Recurrent Neural Networks

Recurrent Neural Networks (RNNs) were conceptualized earlier than embeddings. The foundational ideas were developed in the 1980s. What made Recurrent Neural Networks a huge step from word embeddings were the “hidden layers” used to store information from previous layers, enabling them to maintain a “memory” of previous inputs by using their internal state. This makes RNNs particularly well-suited for LLM tasks involving sequential data, such as time series analysis, natural language processing, and speech recognition.

Seq2Seq

The Seq2Seq (Sequence-to-Sequence) model was introduced by Ilya Sutskever (a co-founder of OpenAI), Oriol Vinyals, and Quoc V. Le in a paper published in 2014.

Sequence-to-Sequence (Seq2Seq) is a type of model used in machine learning for tasks that involve transforming one sequence into another. It is particularly popular in natural language processing systems such as machine translation, text summarization, and conversational agents. How Seq2Seq works is that it consists of two main components: an encoder and a decoder.

In a Seq2Seq model for translating “I am a student” to French, the encoder reads the English sentence and converts it into a context vector summarizing its meaning. The decoder then takes this context vector to generate the French translation step-by-step.

It starts with a start token, produces “Je”, then “suis”, and finally “étudiant”, resulting in the complete translated sentence “Je suis étudiant”. An attention mechanism can help the decoder focus on specific parts of the input sentence while translating. Despite how revolutionary Seq2Seq was during it’s time, it struggled with long input sequences because the fixed-length context vector may not capture all necessary details, leading to loss of information.

Transformer MODELS

A transformer model is a type of neural network architecture that was introduced in the paper “Attention is All You Need” by Vaswani et al. in 2017. Unlike traditional Recurrent Neural Networks (RNNs), Transformers do not rely on sequence-aligned RNNs to handle data.

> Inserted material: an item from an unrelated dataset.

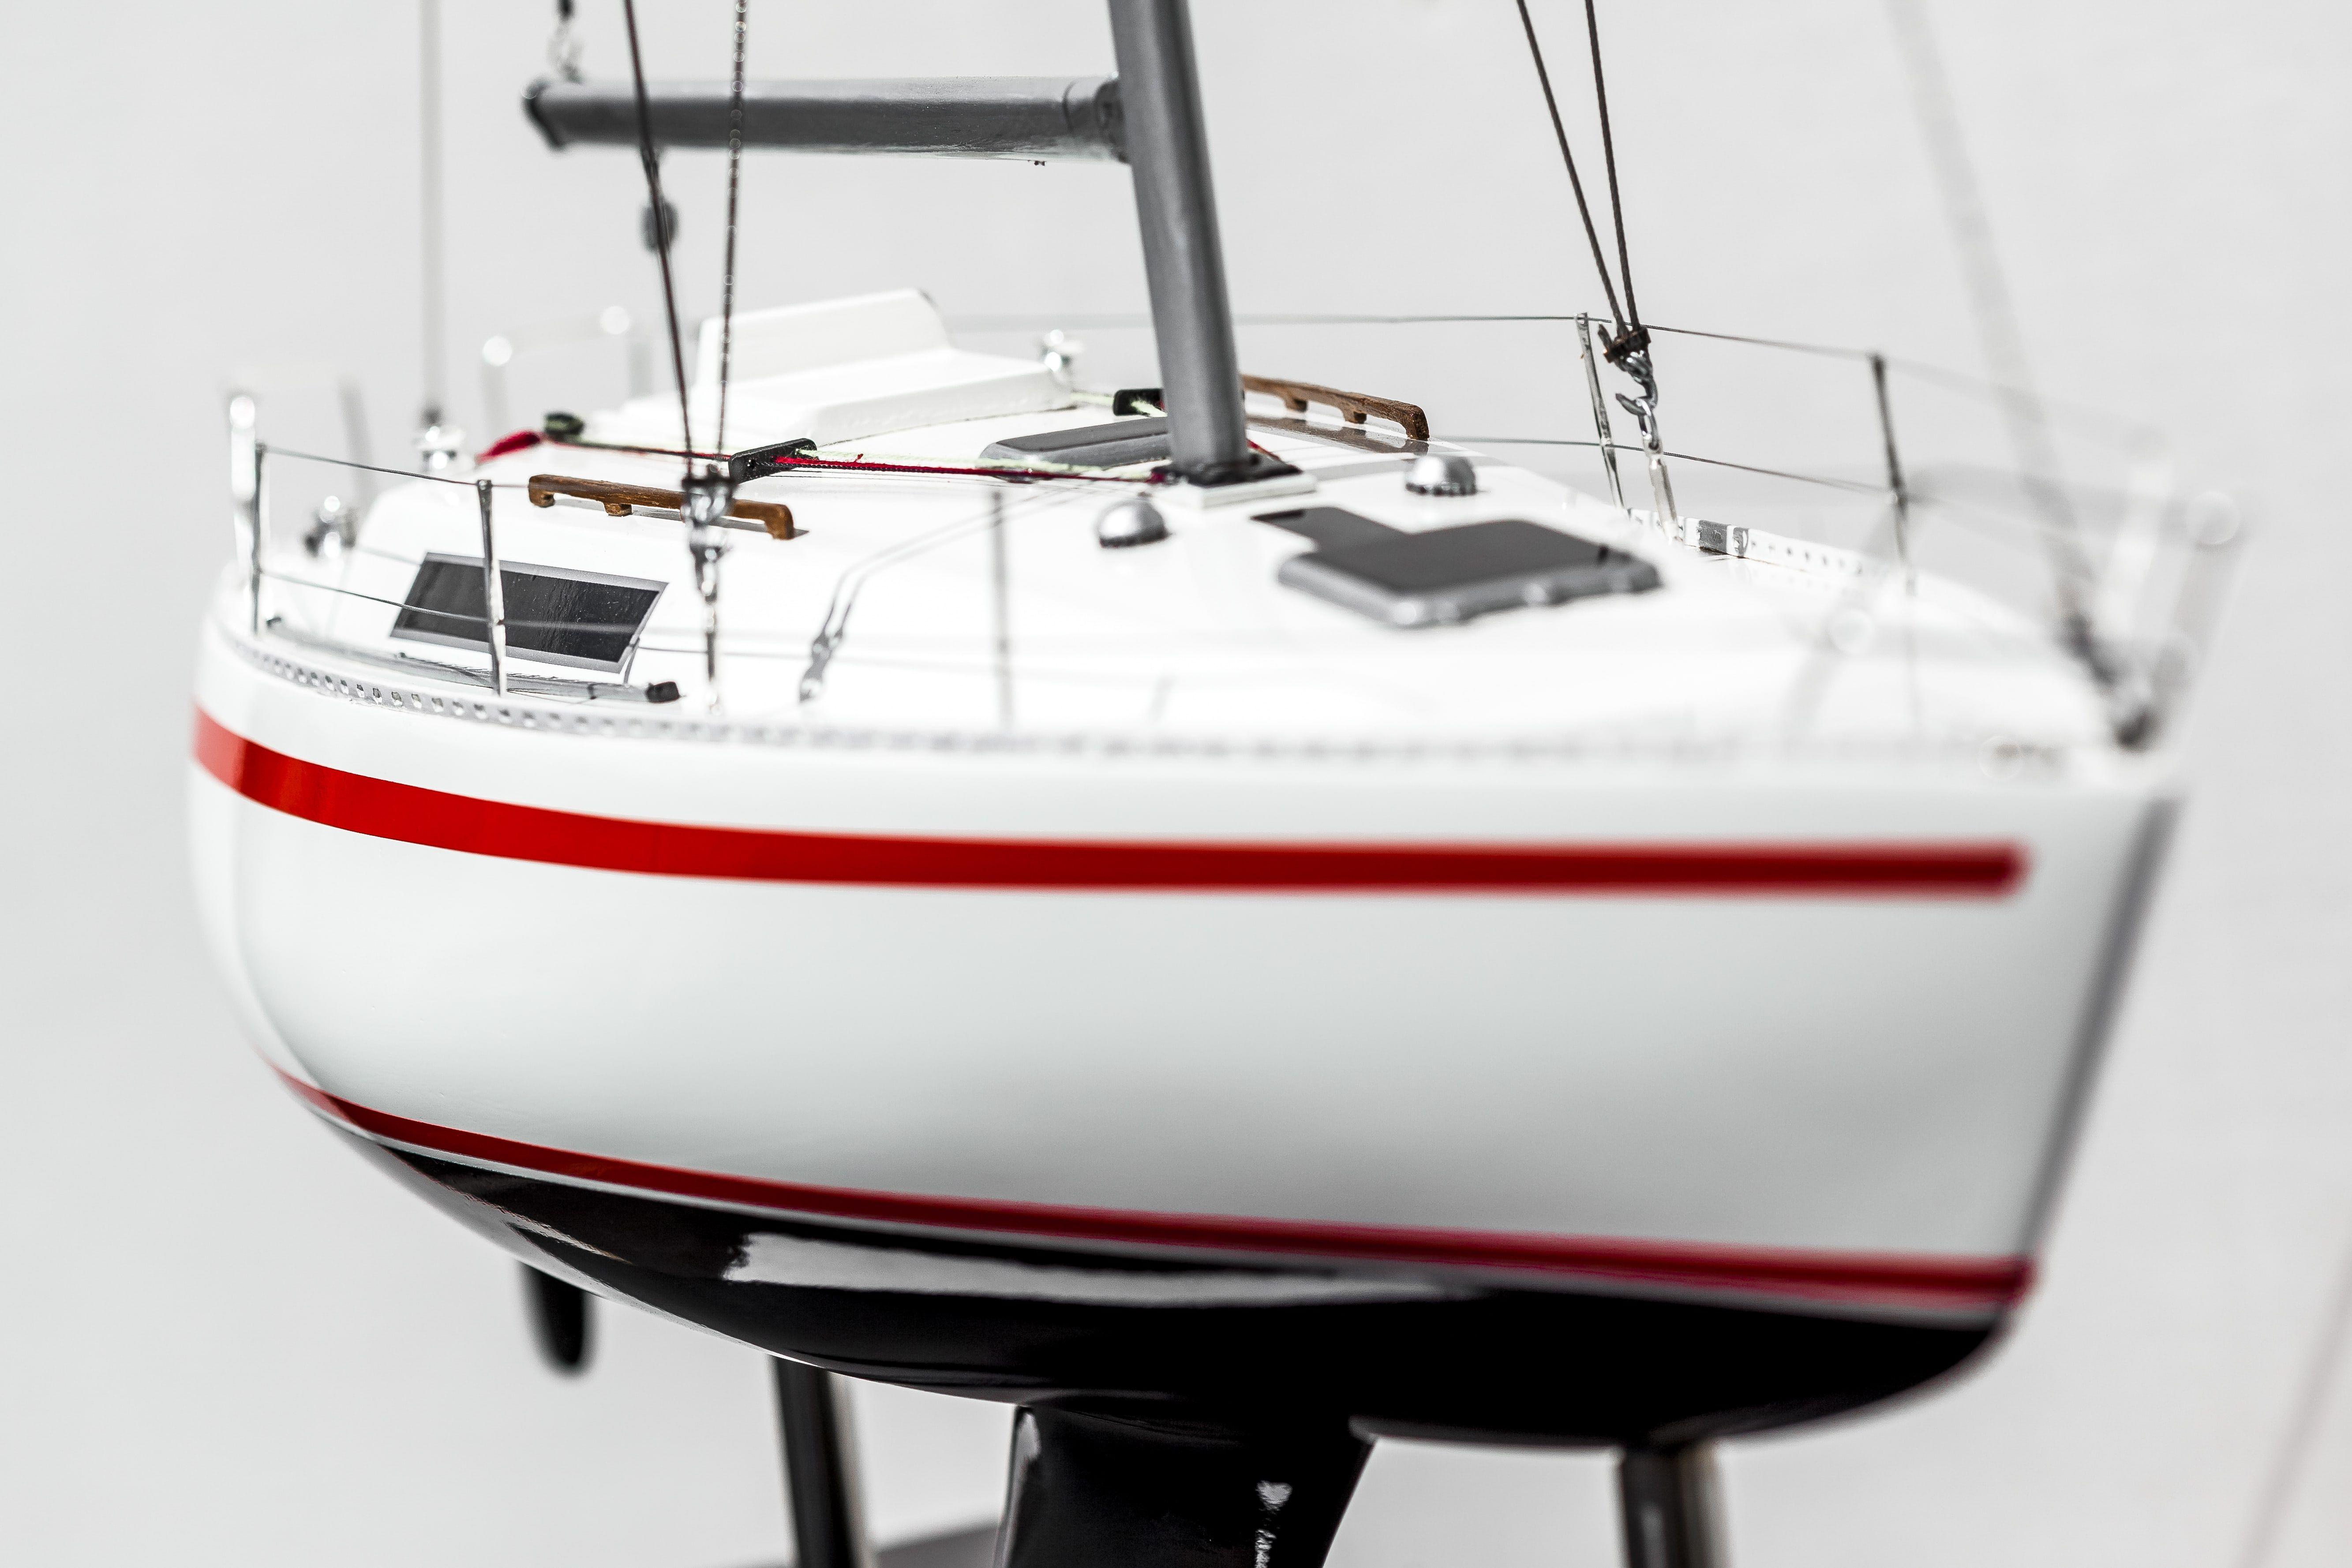 2531-14407-Beneteau-First-30-Model-Yacht-Superior-Range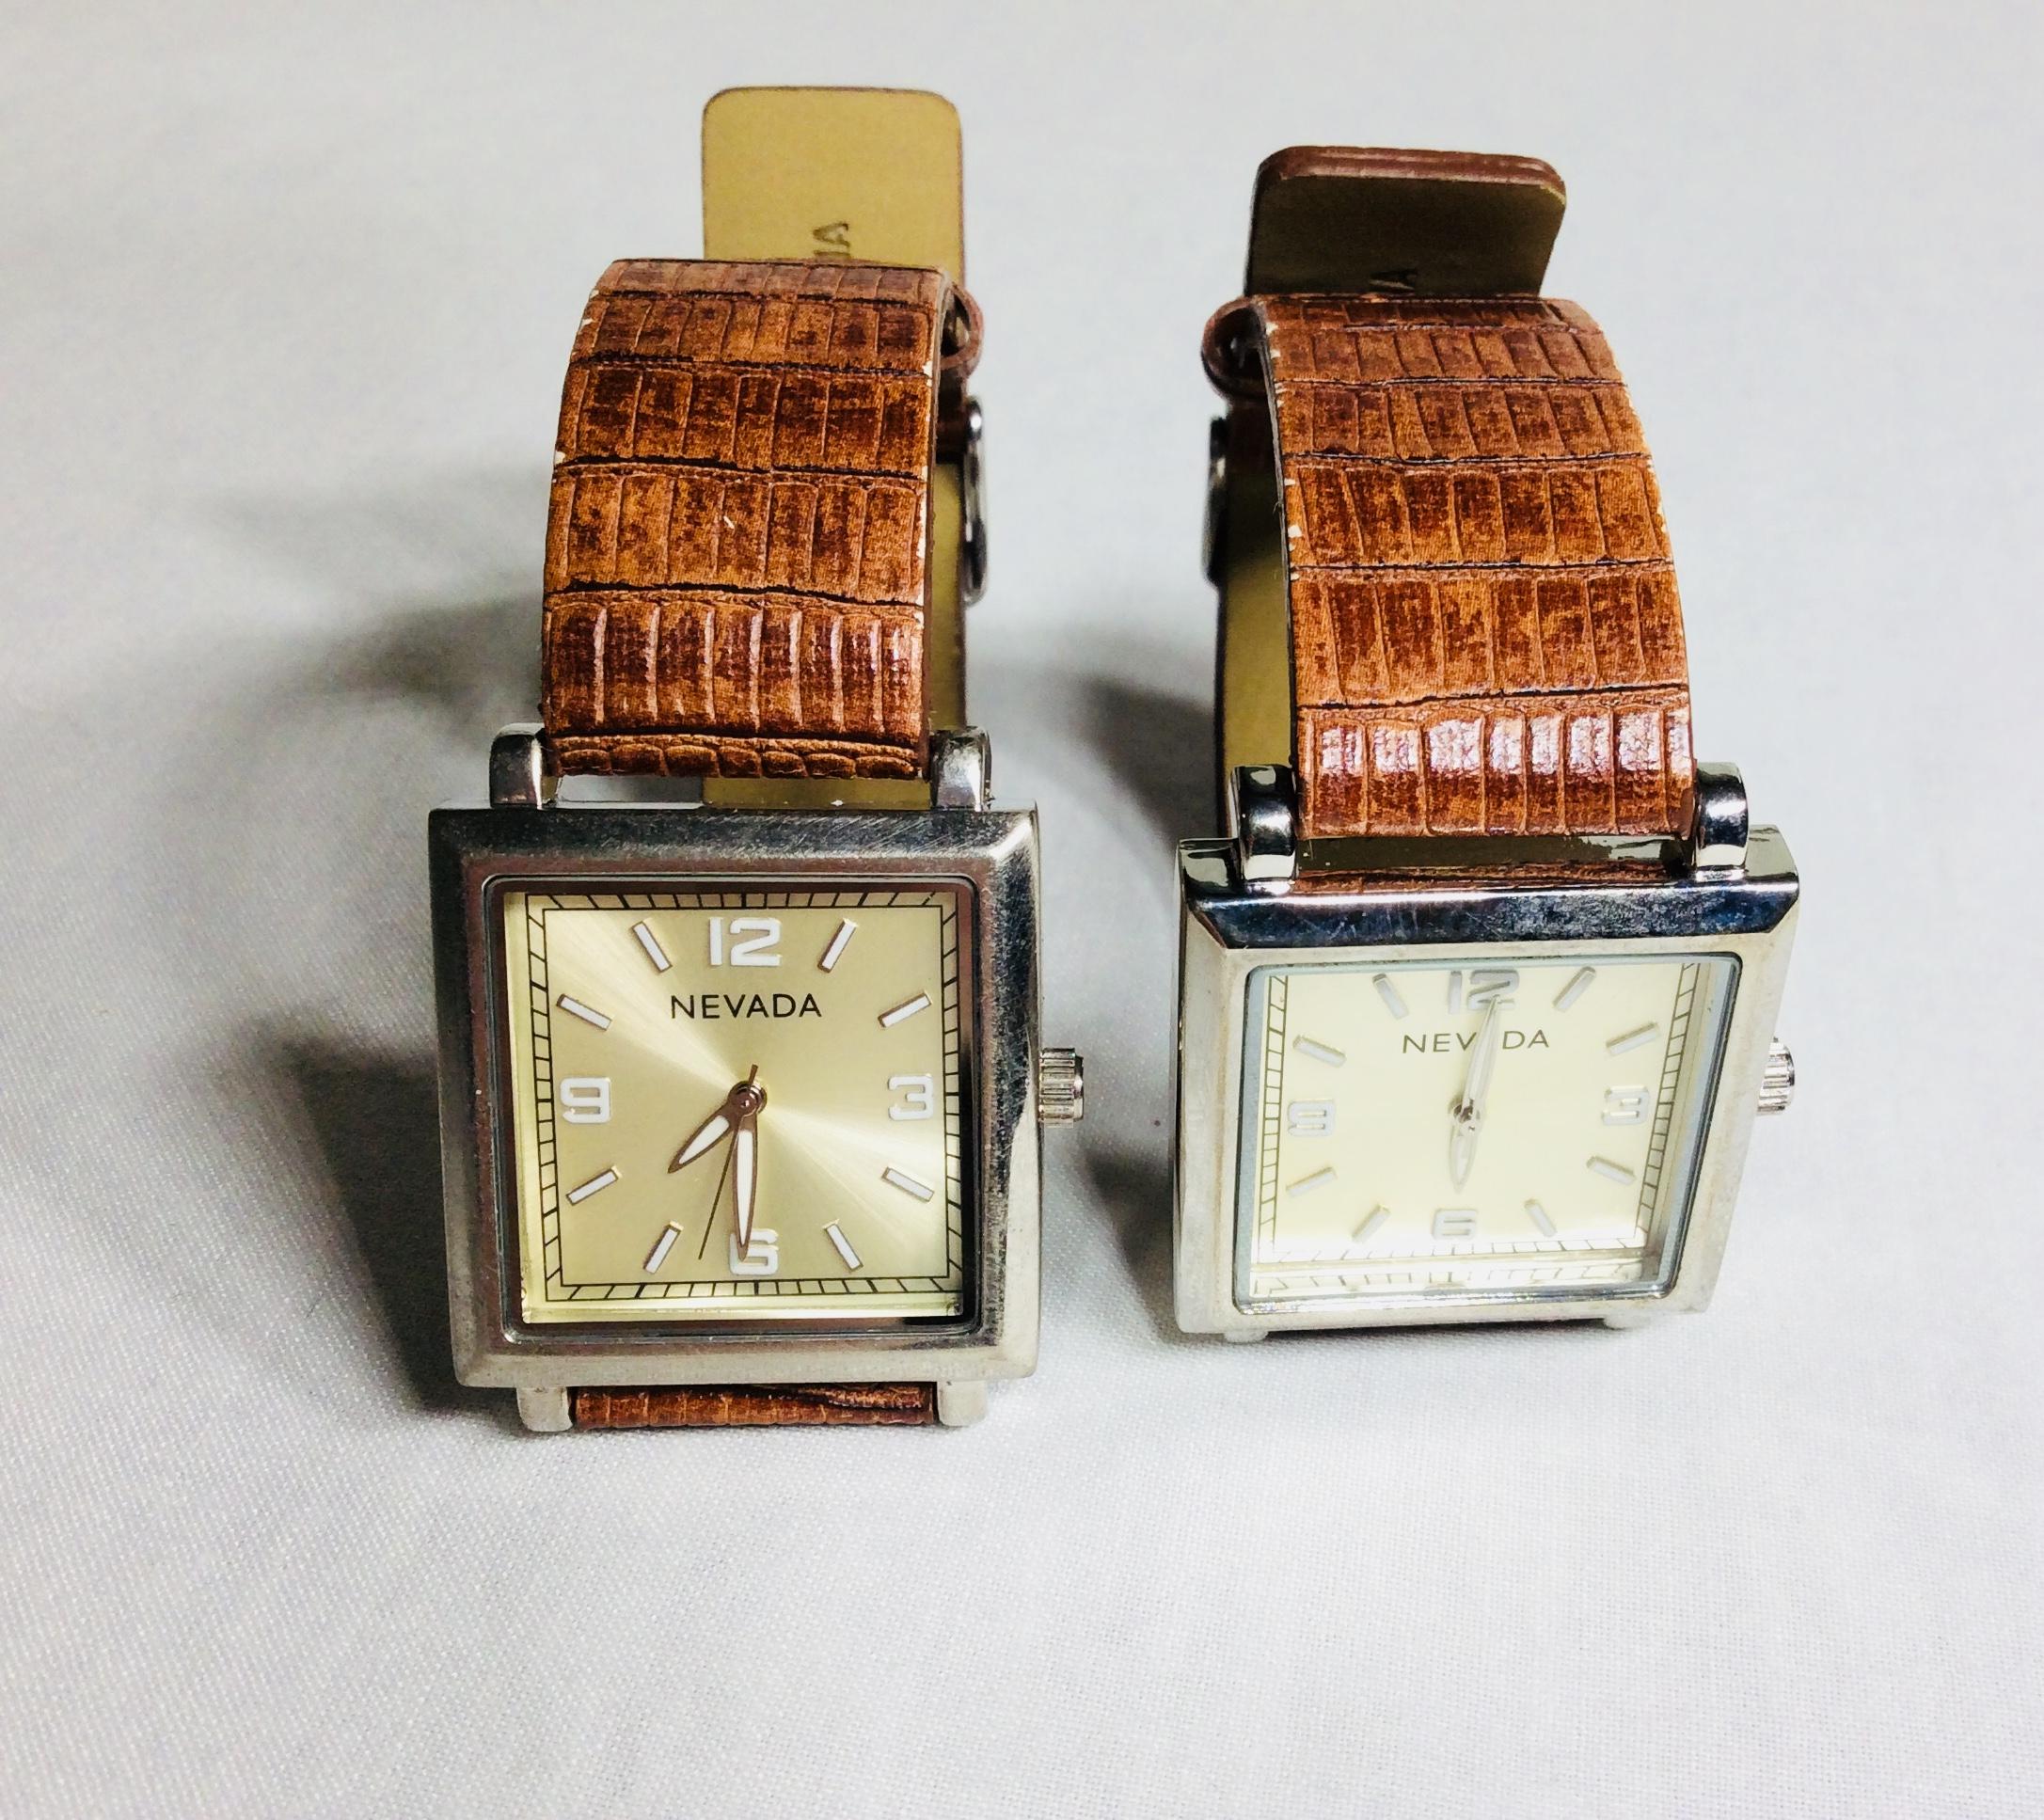 Nevada watch - Double

Instead, they use a mechanism called self-attention to process and generate sequences. Transformers have become the foundation for many state-of-the-art models in natural language processing, including BERT, GPT (the “T” stands for transformer), and T5

BERT

BERT (Bidirectional Encoder Representations from Transformers) is a pre-trained language representation model introduced by Google in 2018. BERT revolutionized language models by understanding context from both directions in a sentence. Unlike previous models that read text in a single direction, BERT’s bidirectional approach significantly improved comprehension.

BERT’s ability to be fine-tuned on a wide range of specific tasks with relatively little data has made it a versatile tool for AI and machine learning.

THE GPT Era

Now we have the modern models made famous by the release of ChatGPT, built with GPT-3. These advanced models are also transformer-based and use attention to understand text. They are trained on vastly more data than previous models — the whole internet, nearly.

GPT and its generation are incredibly capable, but have introduced new problems: they hallucinate or makeup incorrect answers, carry biases from their creators and the data sets they were trained on, and they have gotten so good that they need guard rails to prevent people from using them for harm. How the next evolution of LLMs improves them, we shall see.